You came into my life a year ago unexpectedly. We qucikly fell for each other, you even quicker than me. Almost immediately we were inseparable. I would call you every night before I went to bed. And since you worked at home, we could keep in touch on Yahoo all day. You intrduced me to this lifestyle. It was like I'd found what I've been missing my whole life. I could never go back to a vanilla relationship now. I visited you in July and we were so very happy. It was like a honeymoon. I fell in love with your town. We had such happy plans. I couldn't wait to move to be with you this year. In October of last year, our happiness was ripped from us when we just barely found it. I'm so thankful I was able to be with you after you got ill. You were still the loving man I knew. A month later, that was gone, too. Your stroke/heart attack left you helpless. I can't imagine how horrible it must be. Now, you don't want contact with anyone and I've respected that. I just wish our last conversation had been a happier one.
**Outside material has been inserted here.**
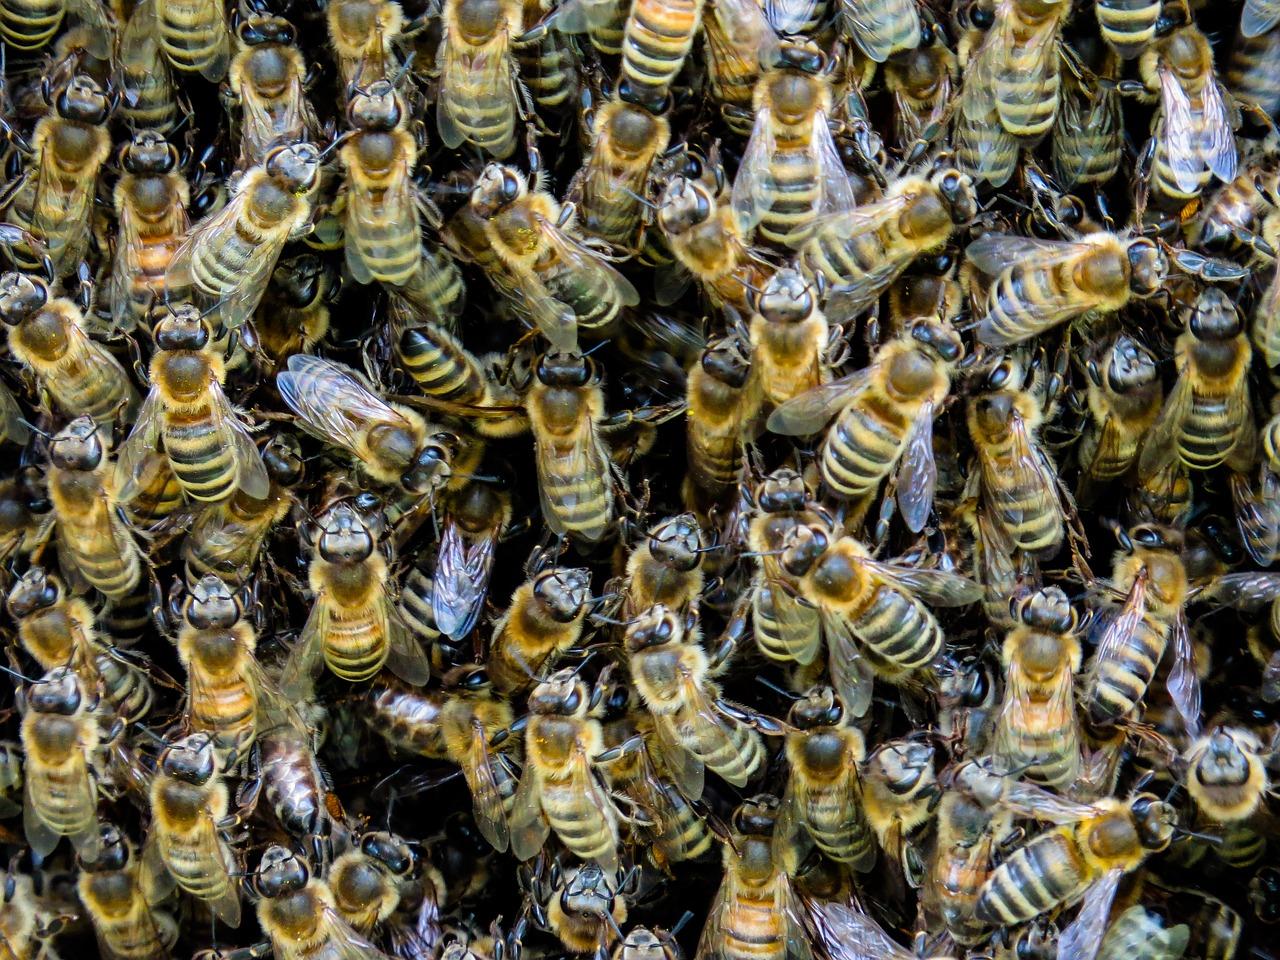 bees pixabay_1554776139910.jpg.jpg

It's been 2 1/2 months since then. I miss you so much. I wish I could change things. It's so unfair that our happiness was taken from us, almost as soon as we got it. I always tell my friends that you gave me the honeymoon I never had with my two bad marriages. You showed me what love could and should be like. I will be forever greatful for that. I hope you got the letter I sent you. You're a great man who doesn't deserve what happened to you. I'll always have a place in my heart for you. One day, we'll be together again and then, it will be forever. I just wish you could see this, that we could talk again
I hope you will find peace.
I hope you will find peace.
for your kind words.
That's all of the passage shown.